(Beginning of Data excerpt)

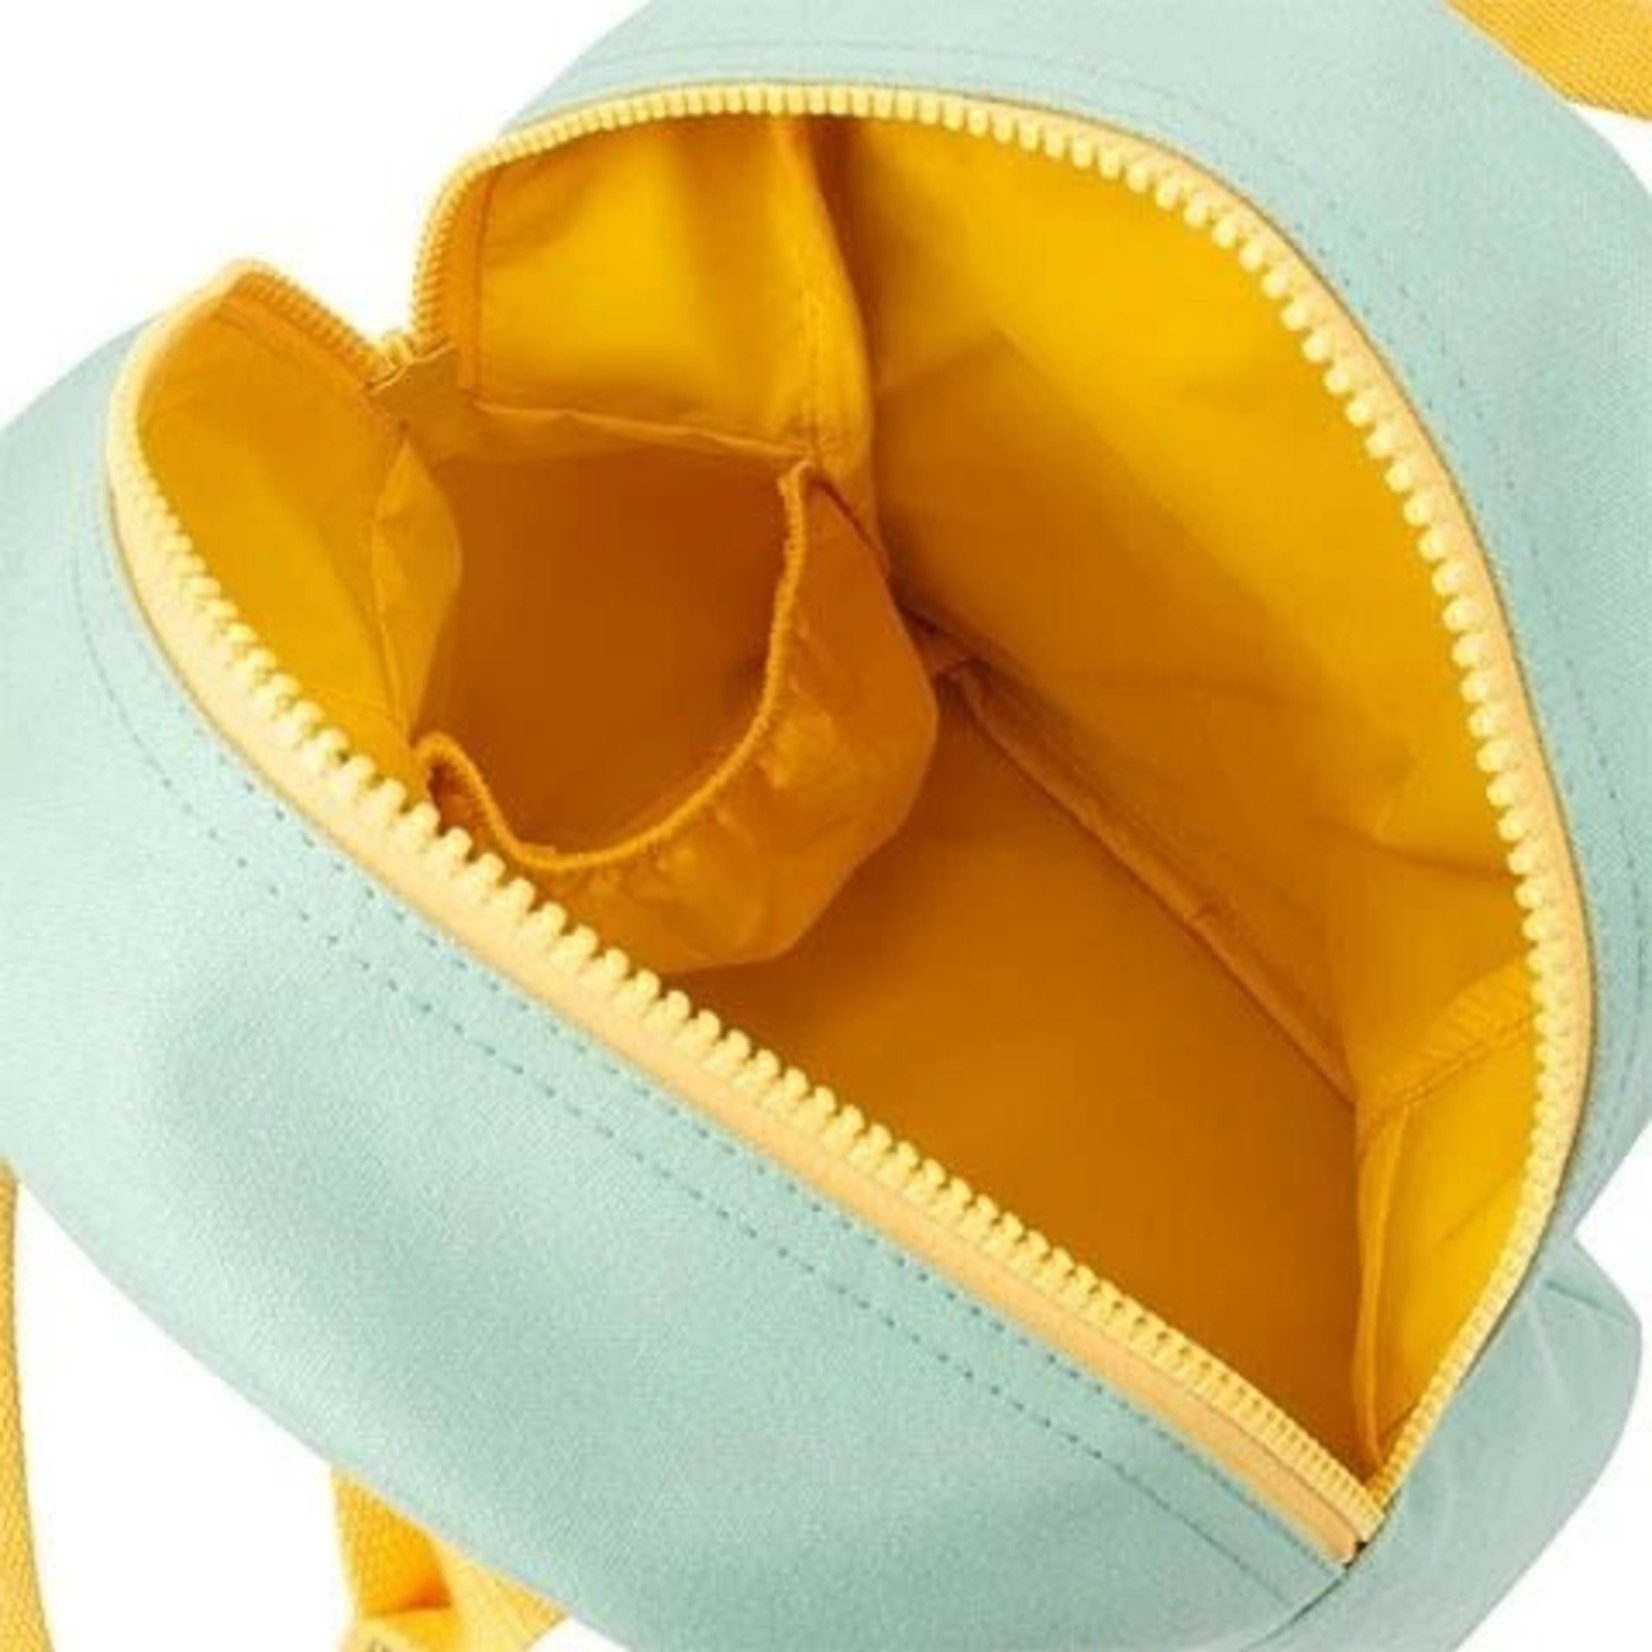 fluf happy bread mint lunch tote
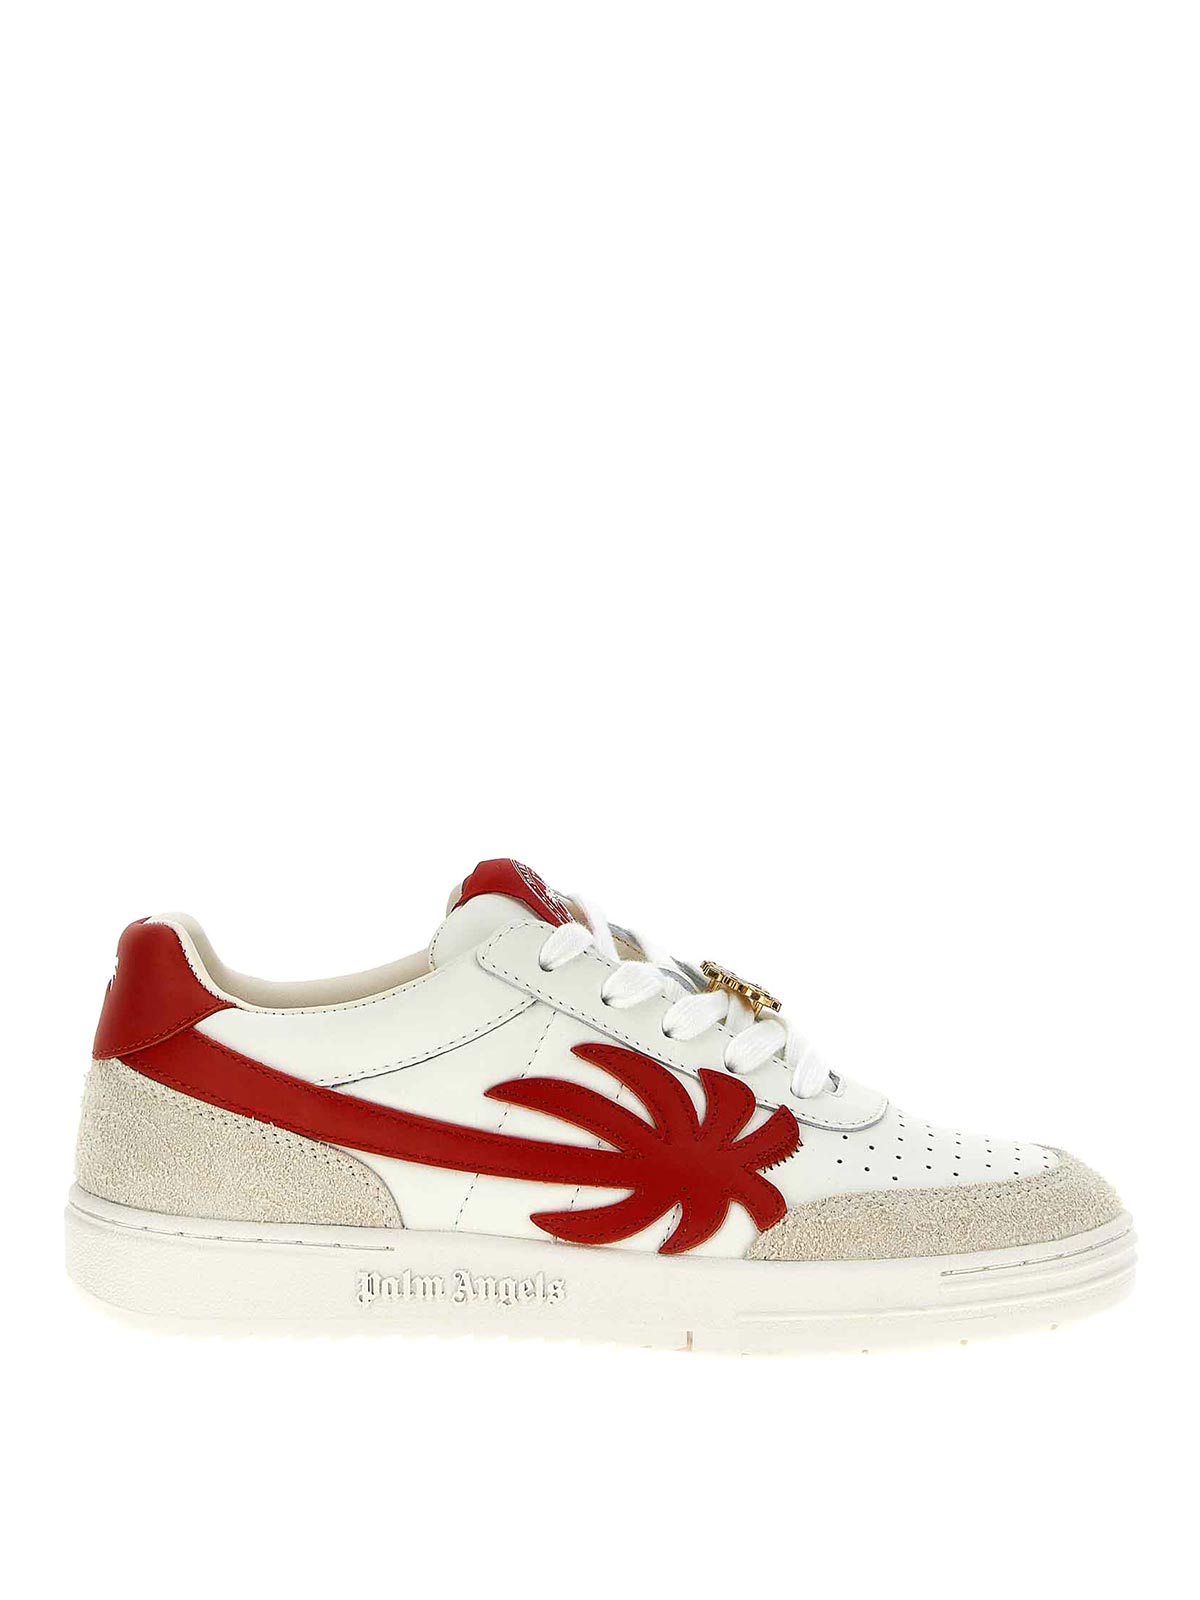 Palm Angels Palm Beach University Sneakers In Red
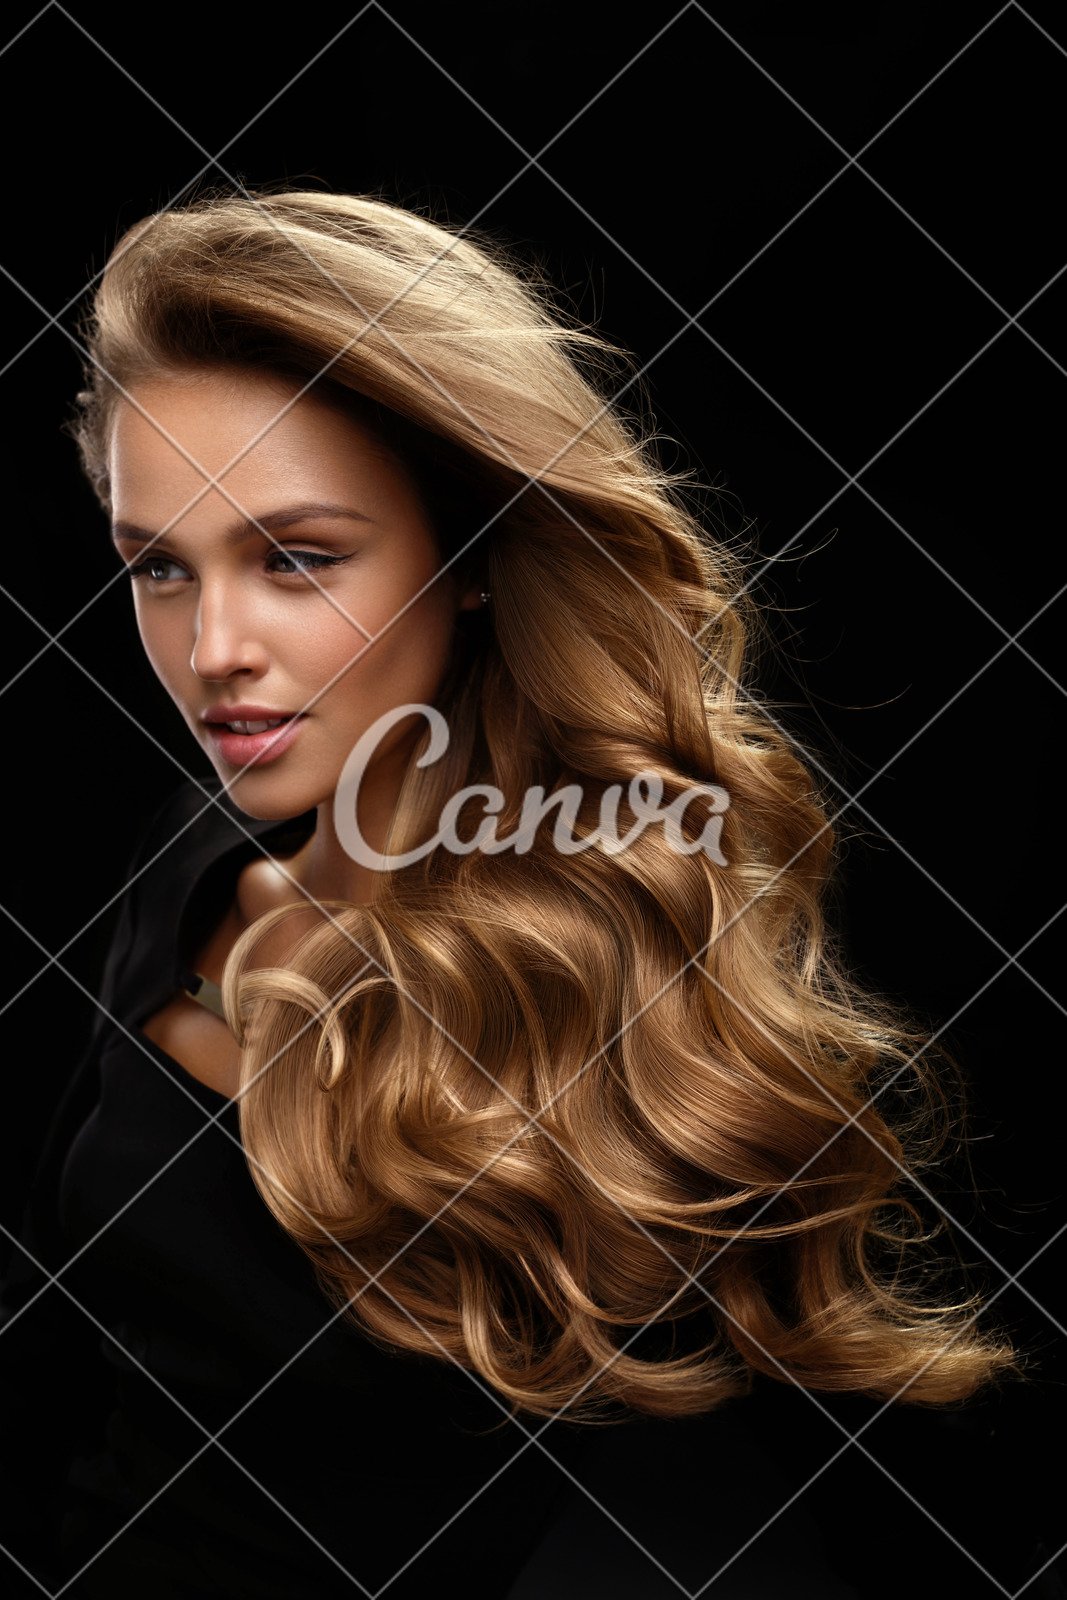 Beautiful Long Hair Woman Model With Blonde Curly Hair Photos

(End of Data excerpt)

* What needs to be done: All of the material above is to be copied exactly, except for its images.

* Result of this task:
 fluf happy bread mint lunch tote
 Palm Angels Palm Beach University Sneakers In Red
 Beautiful Long Hair Woman Model With Blonde Curly Hair Photos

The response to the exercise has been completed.